YOUR TASK:
Pictures do not belong in your copy. Repeat all the other data exactly.

AVAILABLE DATA:

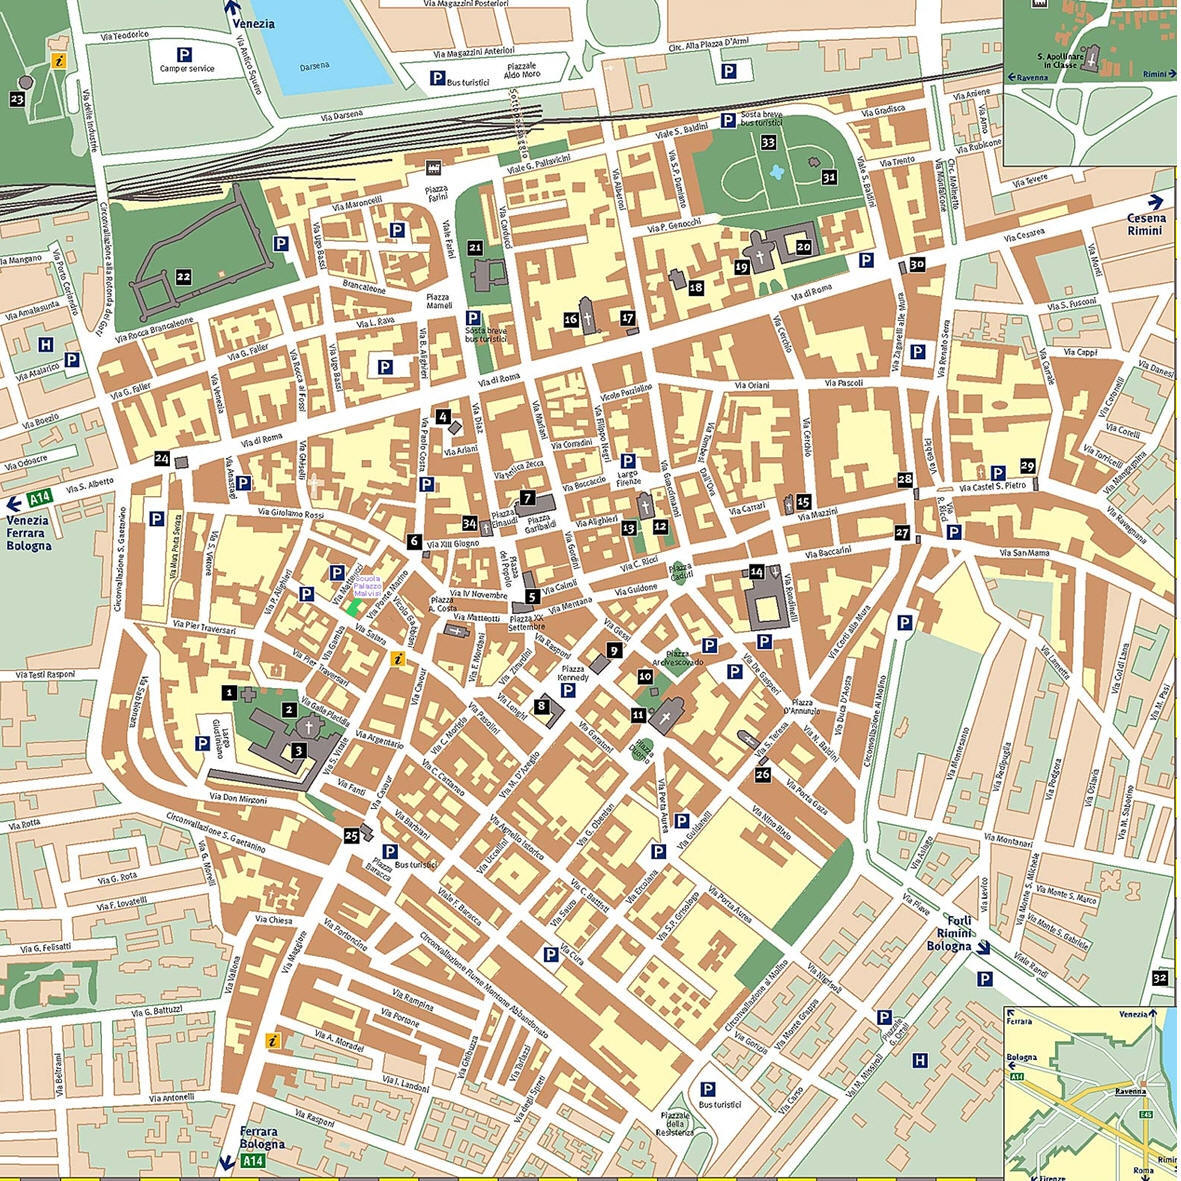 Ravenna centre plan
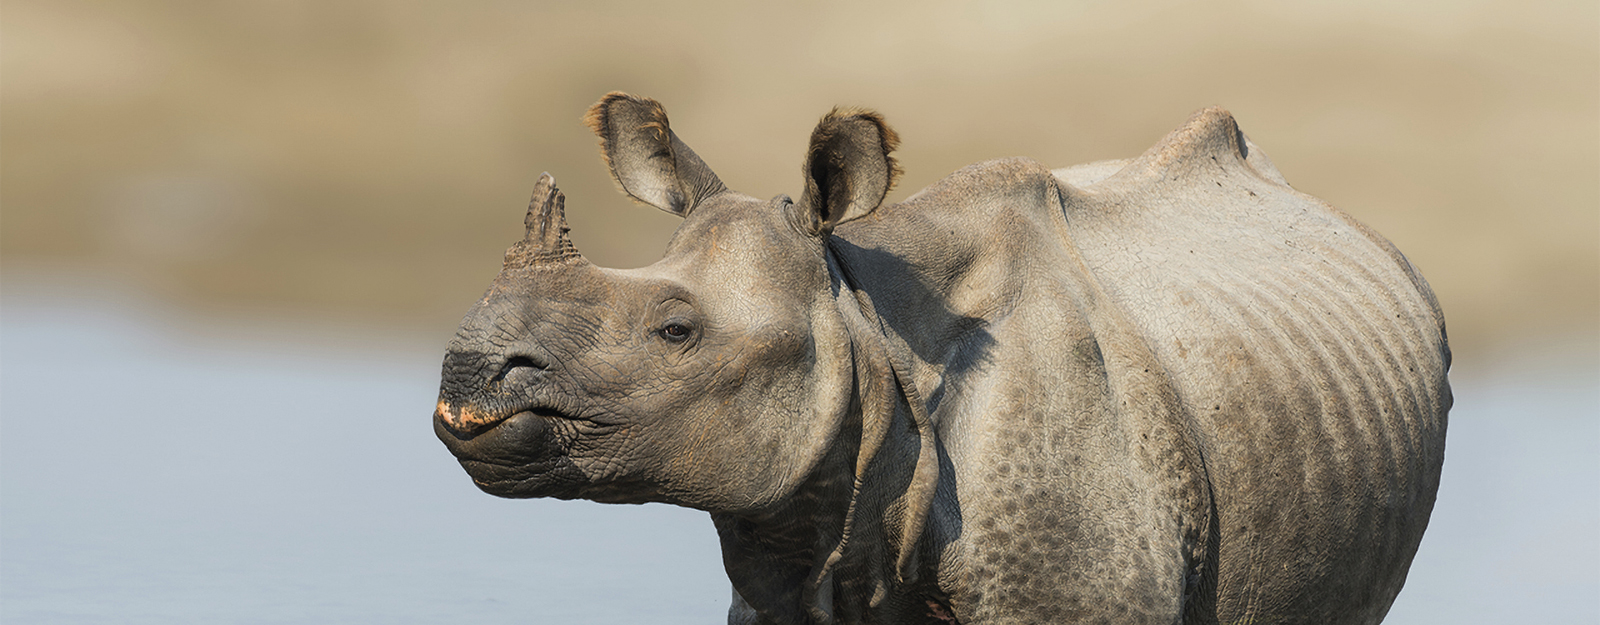 Greater One-Horned Rhino | International Rhino Foundation
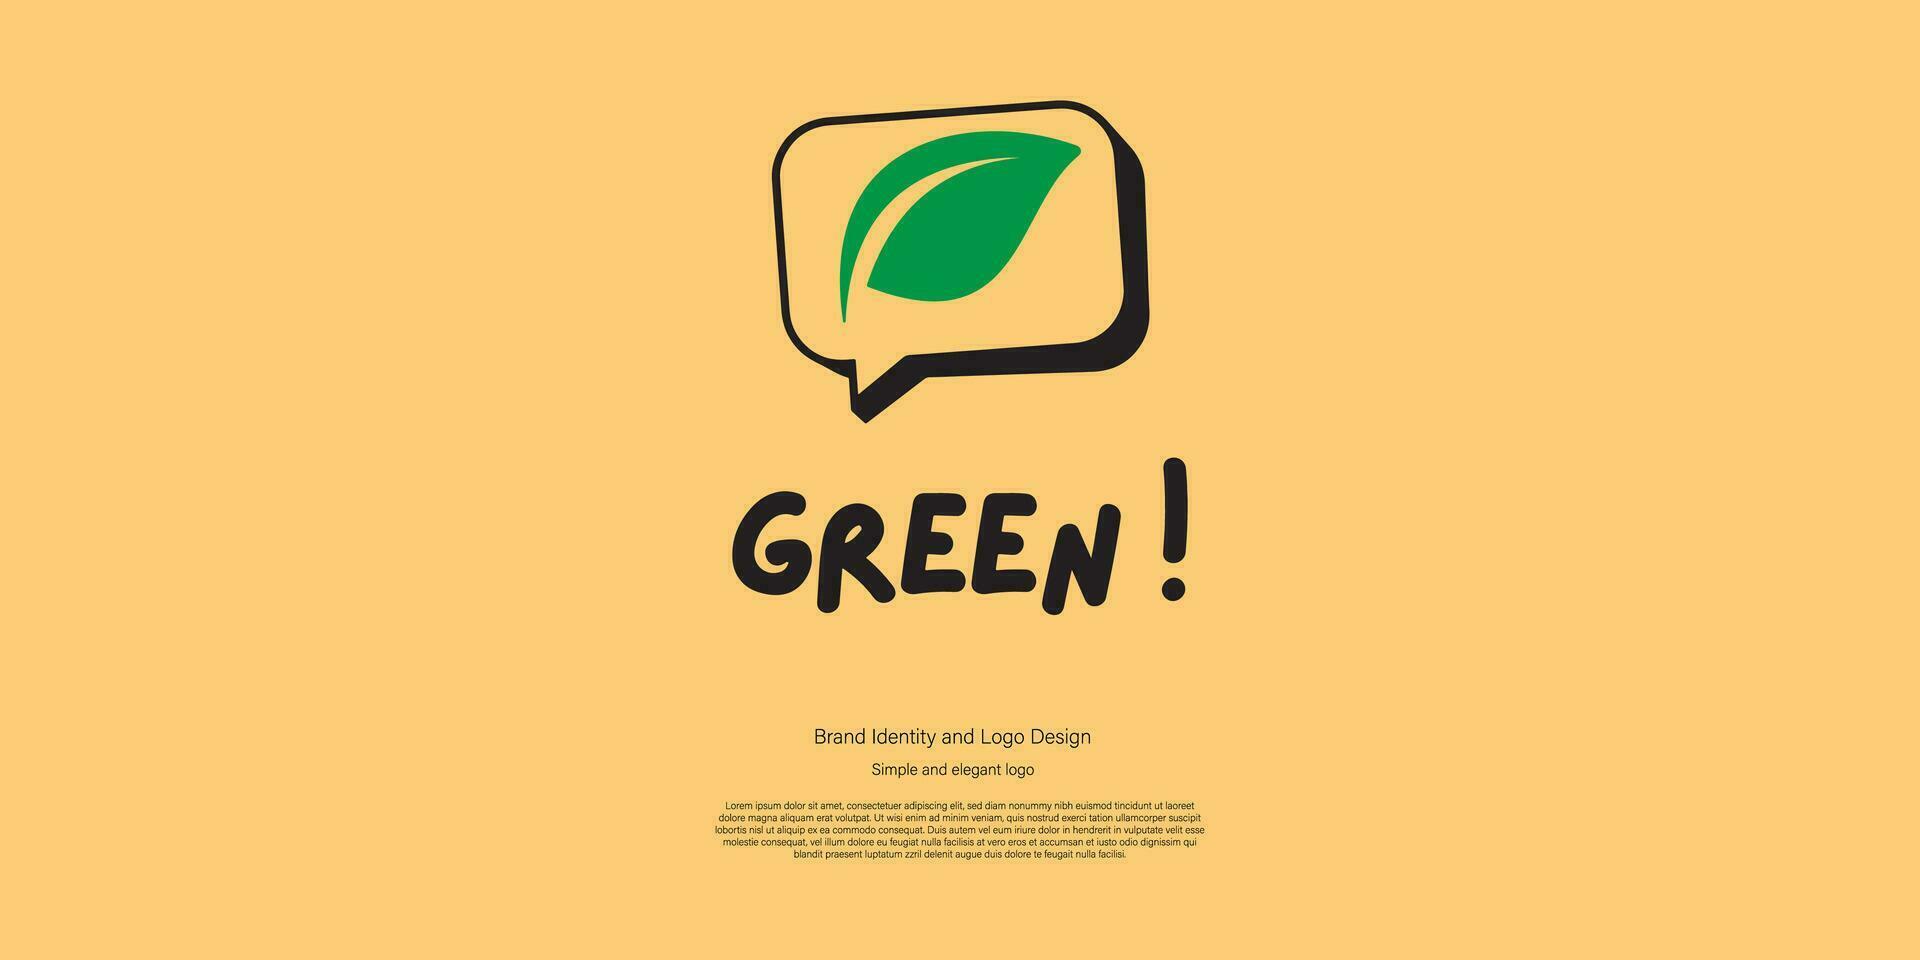 green message logo design for earth event or organization vector

EXERCISE RESULT:
 Ravenna centre plan
 Greater One-Horned Rhino | International Rhino Foundation
 green message logo design for earth event or organization vector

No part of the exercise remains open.